This doesn't give me any insight into what else is happening. Presumably there is a function that will handle grabbing sensor values, and a function that will kick off camera captures, etc, correct?

I would recommend adding logging such as the following:

def update_lcd():
  Logger.verbose("Starting LCD Update.")
  ... your logic
  Logger.verbose("Finished LCD Update.")

or if inside a loop something line this

def run():
  try:
    logging.verbose("Starting LCD Loop.")
    self.running = True
    ...
    while self.running:
    if time.time() > self.timer:
     logging.verbose("Starting LCD Logic.")
     self.get_lcd_strings()
     ...
     logging.verbose("LCD Sleeping.")
     time.sleep(1)
     ...
  logging.verbose("LCD Loop has Ended.")

While this will make a large amount of logs, it would let us actually know what was going on at the time of a crash. Whatever the issue may be, be it a hardware problem, an uncaught exception, etc, we would quickly be able to tell the last function that was called before things went wrong. This would really help narrow down troubleshooting.

The reason I suggest it's done in a VERBOSE mode is that you don't need this in most situations, so allowing a DEBUG and VERBOSE log helps resolve issues like the one I am having without flooding logs for the users who only need DEBUG.

If you are interested in this I'm happy to help work through your code and add this type of logging.

kizniche commented 7 years ago

More logging would be nice. Thanks for the offer to help. A few questions and concerns:

How would one add VERBOSE as a logging level beyond DEBUG?

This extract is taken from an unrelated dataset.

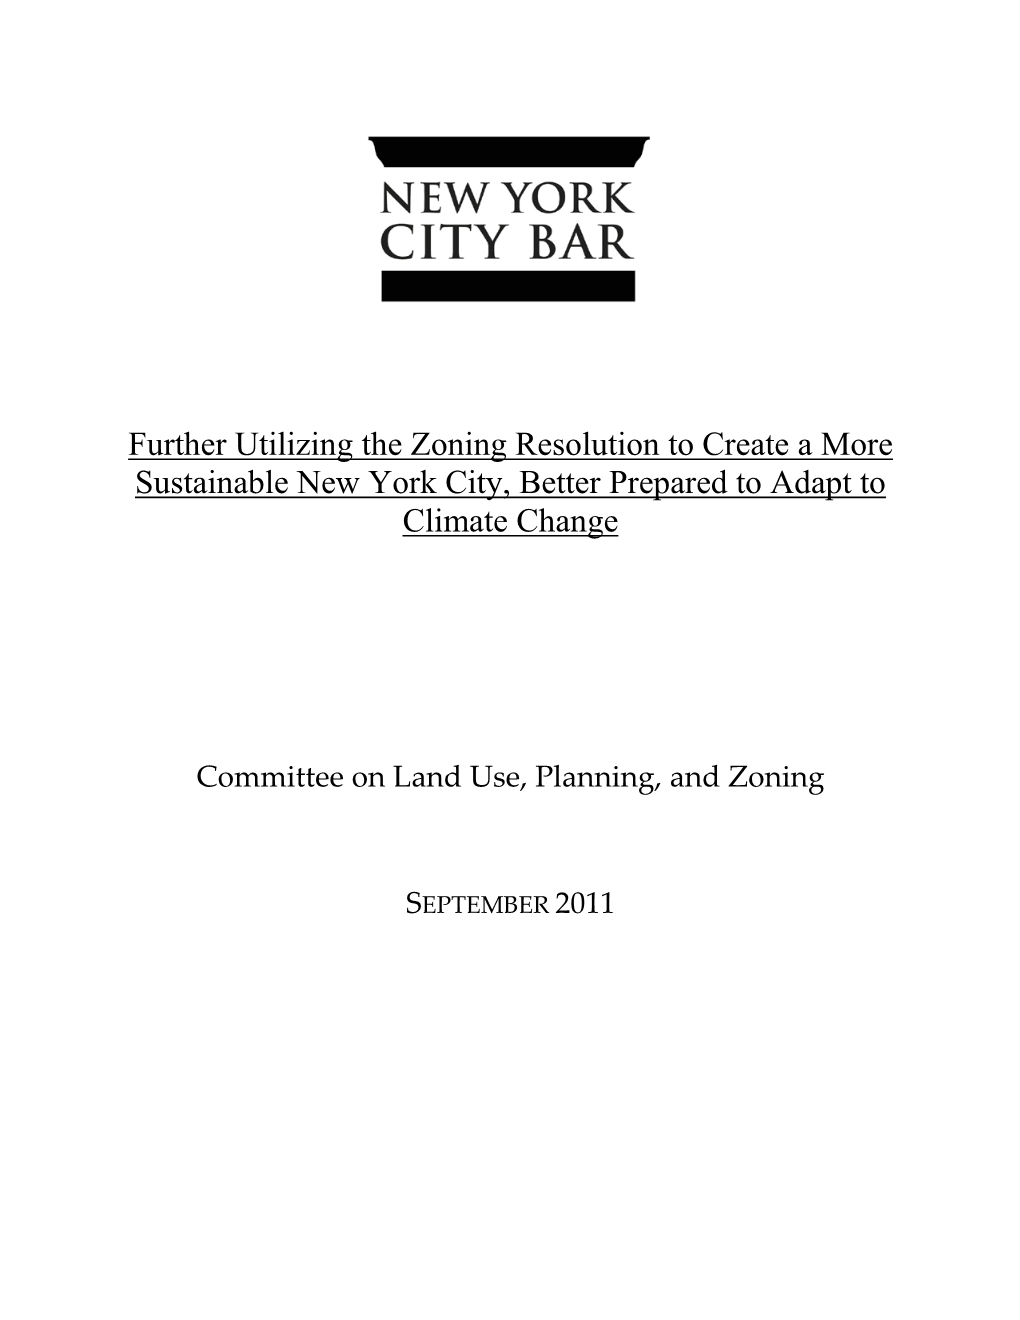 Further Utilizing the Zoning Resolution to Create a More Sustainable New York City, Better Prepared to Adapt to Climate Change
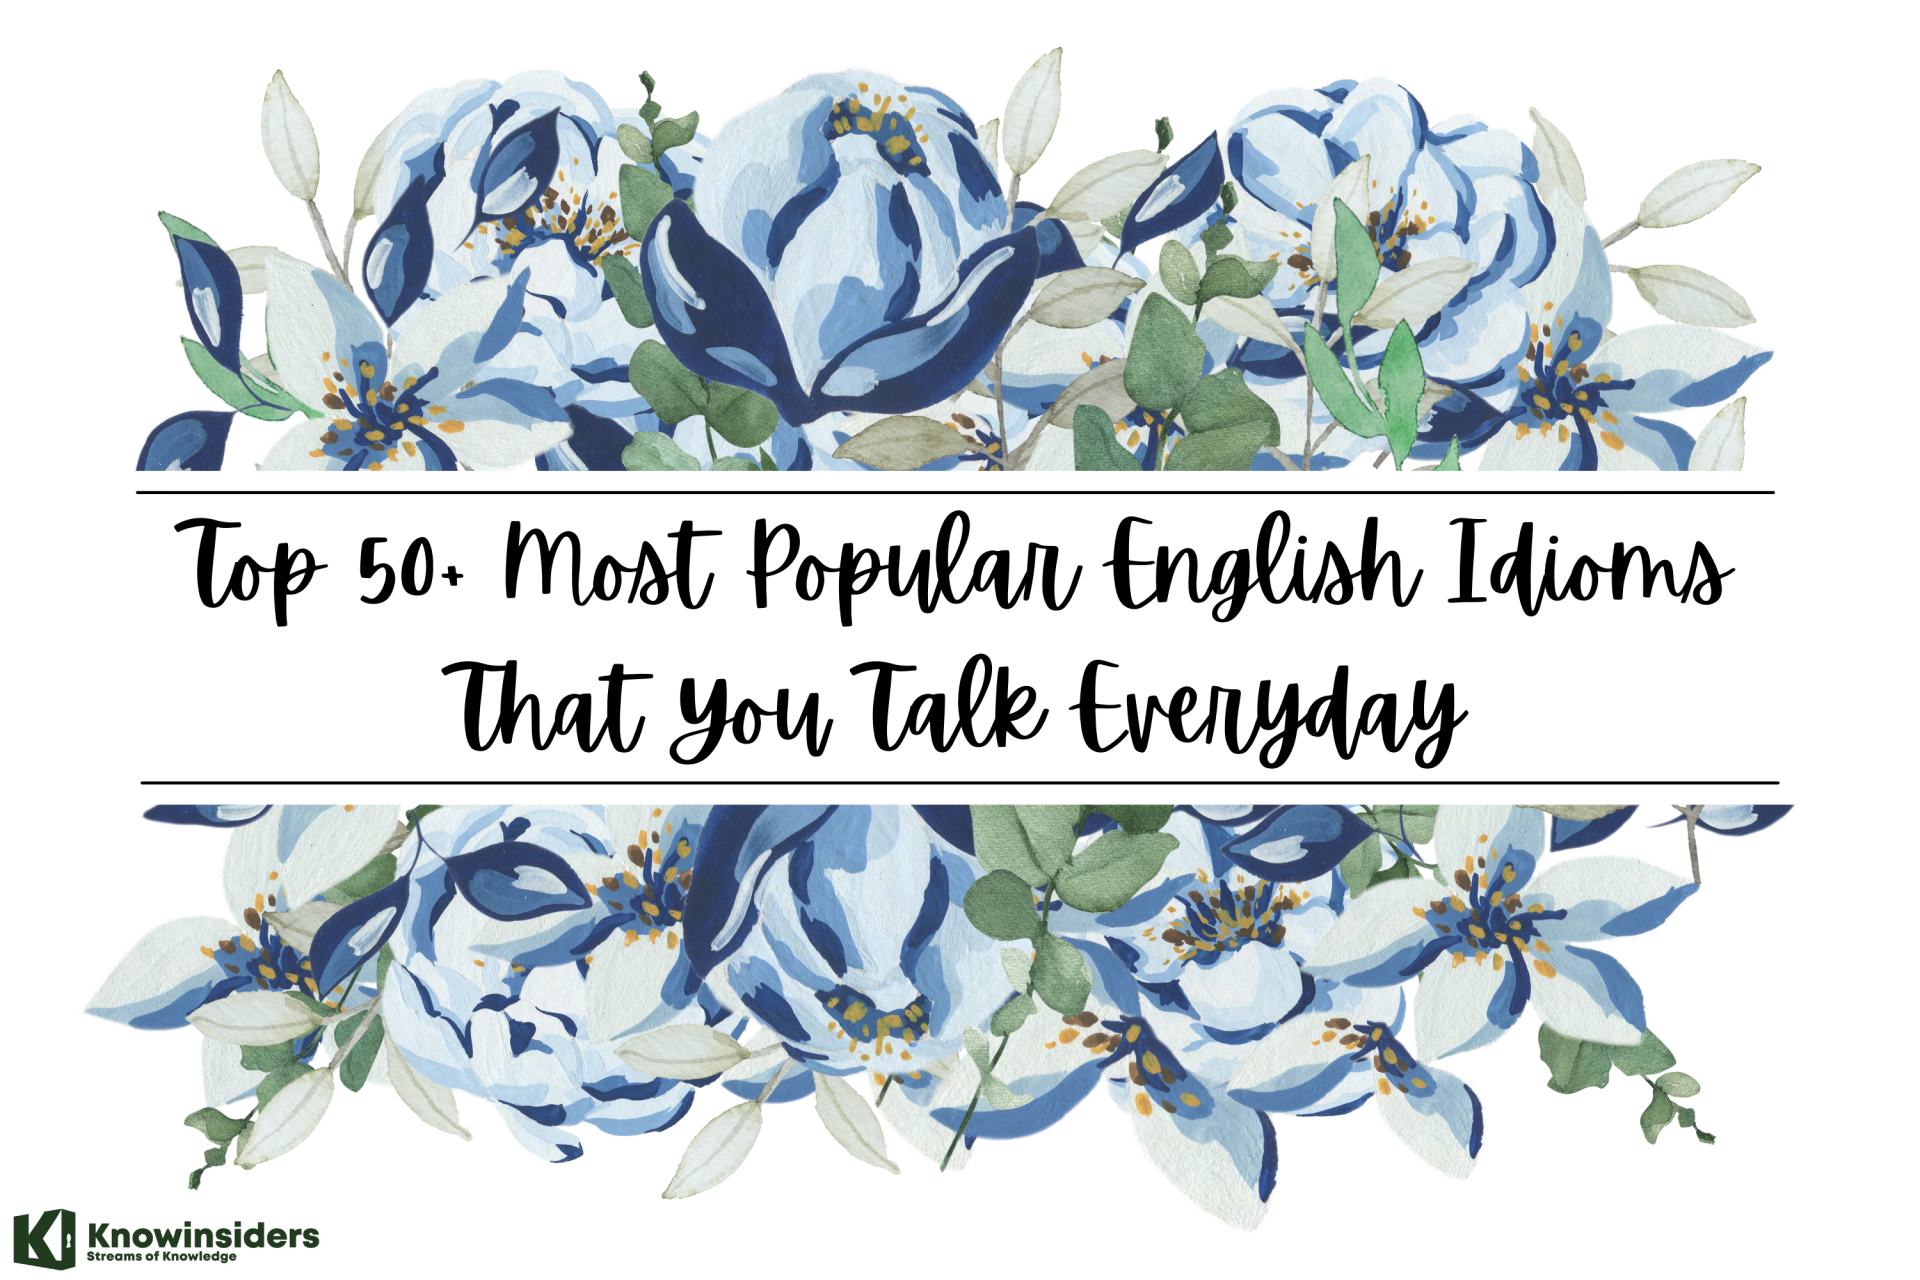 Top 50 Most Popular English Idioms That You Talk Everyday

I'm getting ready to release version 5.0, so adding code to 4.1.16 may not be the best idea because it will not be maintained and merging with 5.0, when it's released, could become more difficult. Perhaps you should give the dev-5.0 branch a try and see if you still experience the same daemon crash issues.

lucasvickers commented 7 years ago

Ahh sorry, forgot VERBOSE is not enabled by default in Python. There are ways to add custom levels, I can help with that.

I'll set my test back up in dev-5.0 and see if I have the issue. We can take it from there, and if needed I'll help with the logging in 5.0.

Thanks!

kizniche commented 7 years ago

This seems like the proper way to add another logging level.

import logging
logging.DEBUG_LEVEL_NUM = 9
logging.addLevelName(logging.DEBUG_LEVEL_NUM, "DEBUGV")
def debugv(self, message, *args, **kws):
    if self.isEnabledFor(DEBUG_LEVELV_NUM):
        self._log(DEBUG_LEVELV_NUM, message, args, **kws) 
logging.Logger.debugv = debugv
lucasvickers commented 7 years ago

I'll keep 5.0-dev running for the week and see if it is stable.

kizniche commented 7 years ago

I just got 5,0 freshly installed. Thanks for the debugging.

lucasvickers commented 7 years ago

Sad to report the daemon went dead after 4-5 days uptime (same as usual).

I'm going to go back to disabling individual components and see what that yields, but I'd love to talk about getting that extra logging in place.

kizniche commented 7 years ago

That's unfortunate. What is your exact configuration? Can you upload your mycodo.db? You should delete the user table just to be safe (even though passwords are hashed), if posting here publicly.

As for logging, that sounds like a good approach, now that 5.0 has been released. I'll see about getting a verbose mode added in addition to the debug (-d -v parameters).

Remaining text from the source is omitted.